PML is required for the fasting-activated p53 response. (a) Livers from fed or 18-h–fasted Pml^−/− and Pml^+/+ mice (top), hematoxylin, phloxine, and saffron staining (middle; bar, 10 µm), and oil red O staining (bottom; bar, 10 µm). Quantification of oil red staining from n = 5 mice. Error bars represent SEM. *, P < 0.05; ****, P < 0.0001 (t test). (b) Image (left; bar, 10 µm) and quantification (middle; ****, P < 0.0001 [t test]; error bars represent SEM) of oil red O staining and quantitative PCR analysis of the indicated p53 targets (right; error bars represent SEM) from fasted or fed mice treated or not with pifithrin-α. (c) Hematoxylin, phloxine, and saffron staining (left; bar, 10 µm) and quantitative PCR analysis of indicated p53 targets (right) from fasted mice treated or not with N-acetylcysteine (NAC). Error bars represent SEM. **, P < 0.01. (d) Western blot analysis of p53 and GAPDH from livers of indicated mice.
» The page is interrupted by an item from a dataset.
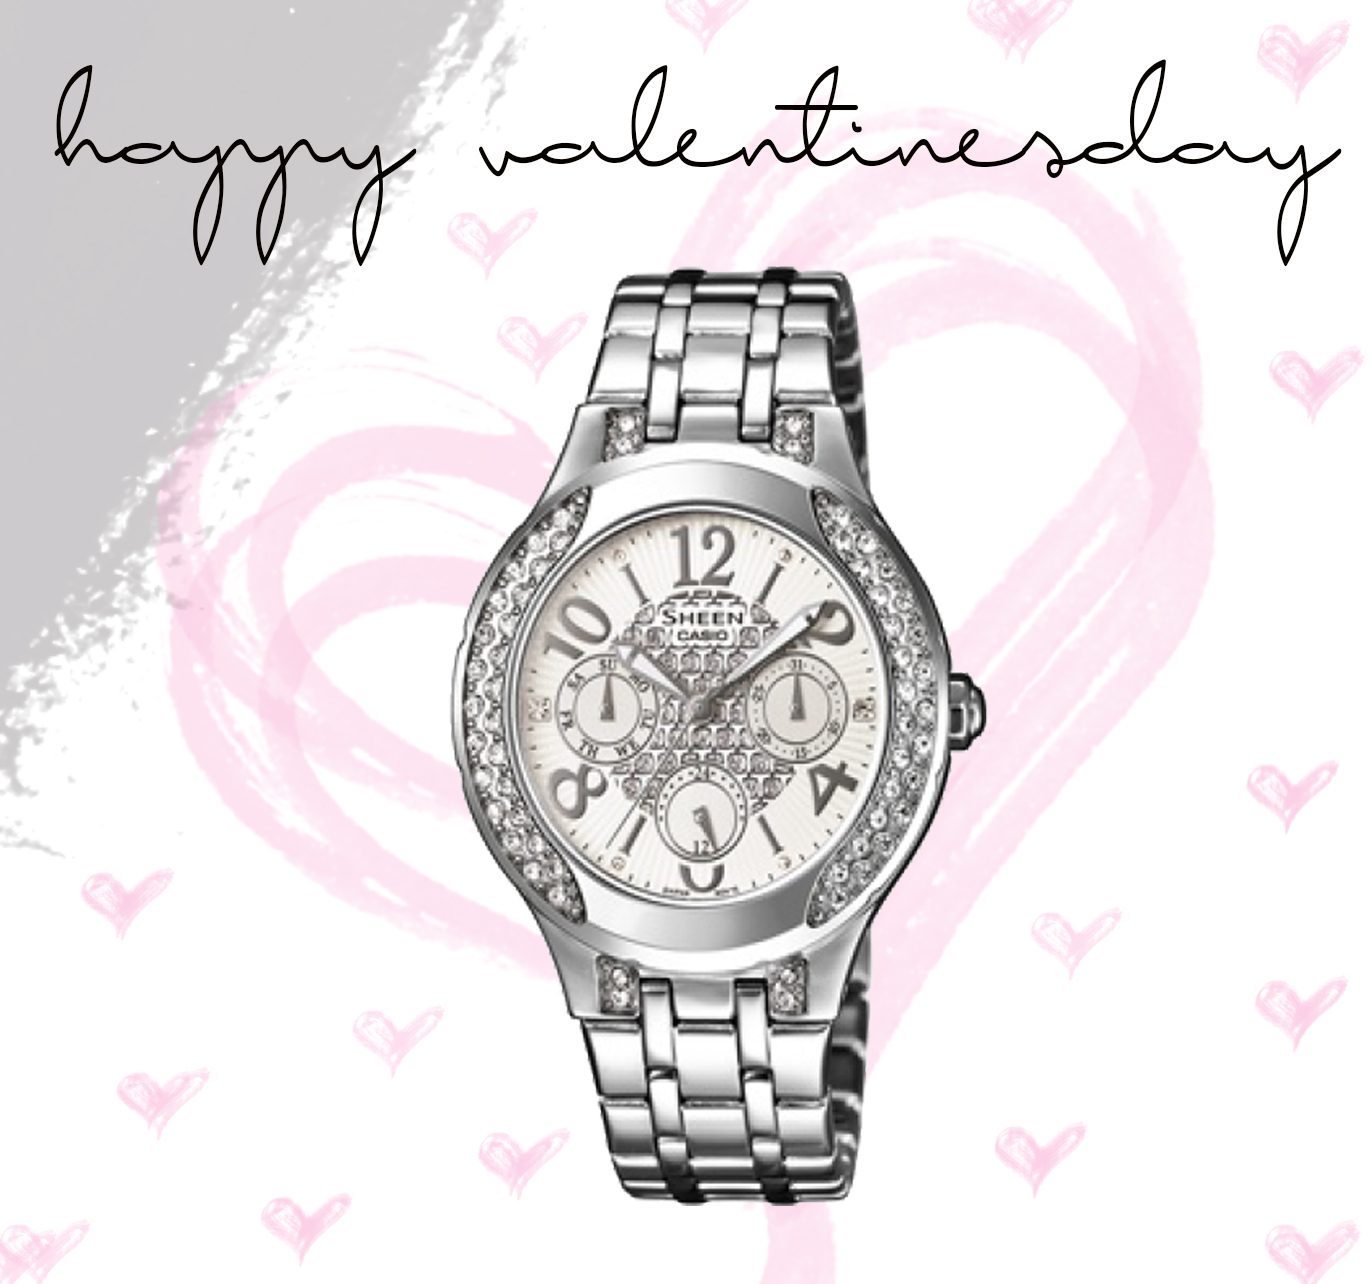 valentinstag-verlosung-uhr-giveaway-modeblog-fashionblog
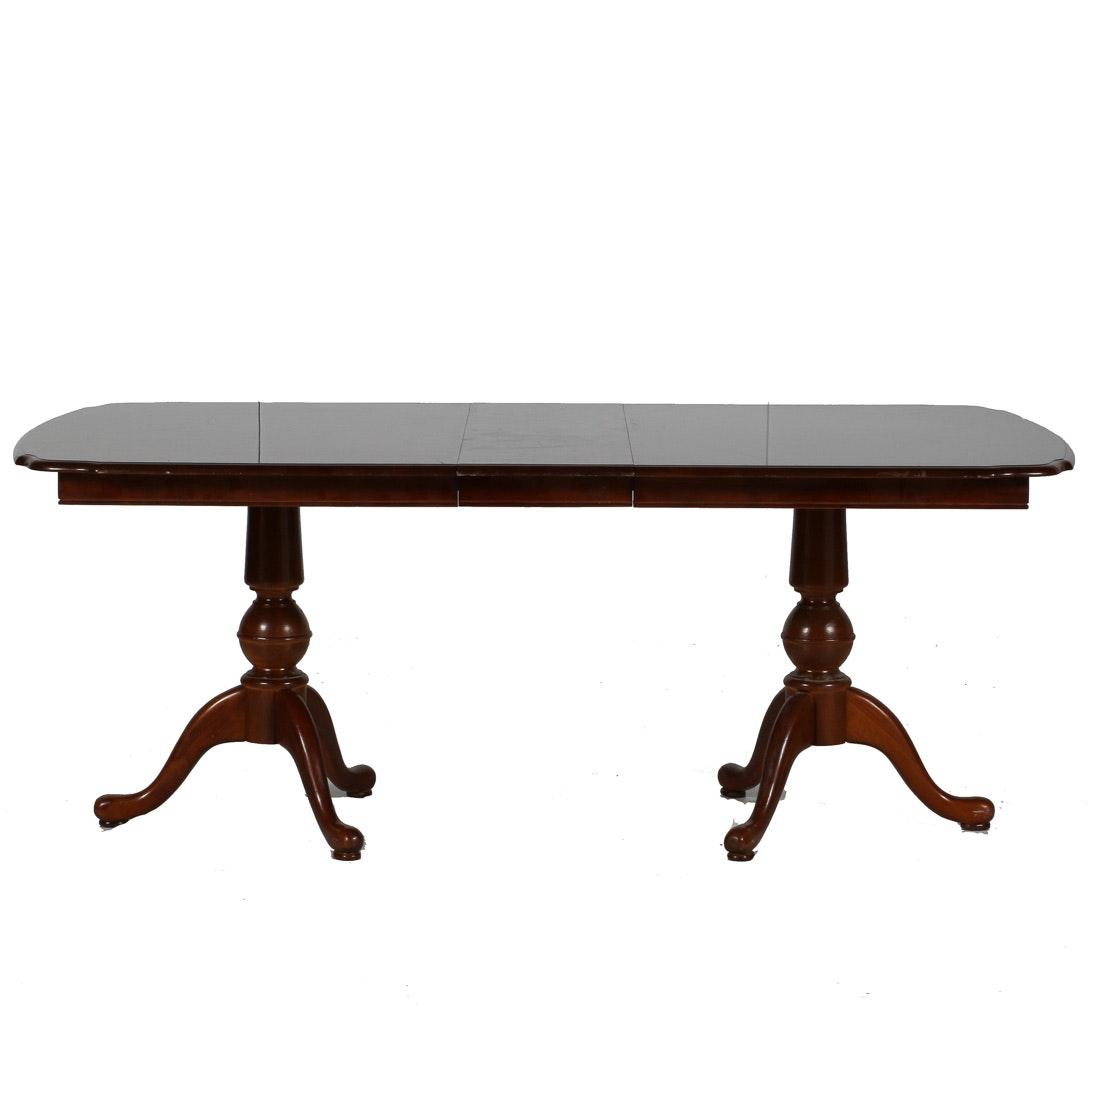 Universal Furniture Queen Anne Style Mahogany Dining Table  : JBBPJMe 0885jpgixlibrb 11 from www.ebth.com size 880 x 906 jpeg 42kB

Representative experiment with two mice per condition (fed and 6-h fasted) from n = 2 replicates. (e) Immunofluorescent PML staining (green) upon fasting in liver cryosections (blue, DAPI). Bar, 5 µm. (f) Box and whisker plot (Tukey) representing γH2AX foci on liver sections of Pml^−/− and Pml^+/+ littermates. Dots were counted from 100 nuclei of four fed mice or two mice fasted for 6 h or 18 h. **, P < 0.01 (Mann–Whitney test). (g) mRNA levels (transcriptomes) from the p53 (top) and NRF2 (bottom) signature in Pml^−/− livers relative to their control littermate from fed or fasted mice. (h) Survival of Pml^−/− and Pml^+/+ littermates. **, P < 0.01 (Gehan–Breslow–Wilcoxon test). (i) Graphs representing quantitative PCR measurement of indicated p53 and NRF2 targets. Mean values with SEM from the indicated number of mice (in parentheses) are shown. **, P < 0.01.

Figure 5.

Model for PML function in oxidative stress response in vivo. (a) Upon acute oxidative stress, high ROS levels increase NB formation, leading to p53 activation, mediating toxic effects. (b) Basal ROS levels induce PML NB assembly, recruiting p53 and its regulators and inducing antioxidant responses that ultimately decrease ROS levels. With active PML/p53 antioxidant signaling, NRF2 responses are blunted.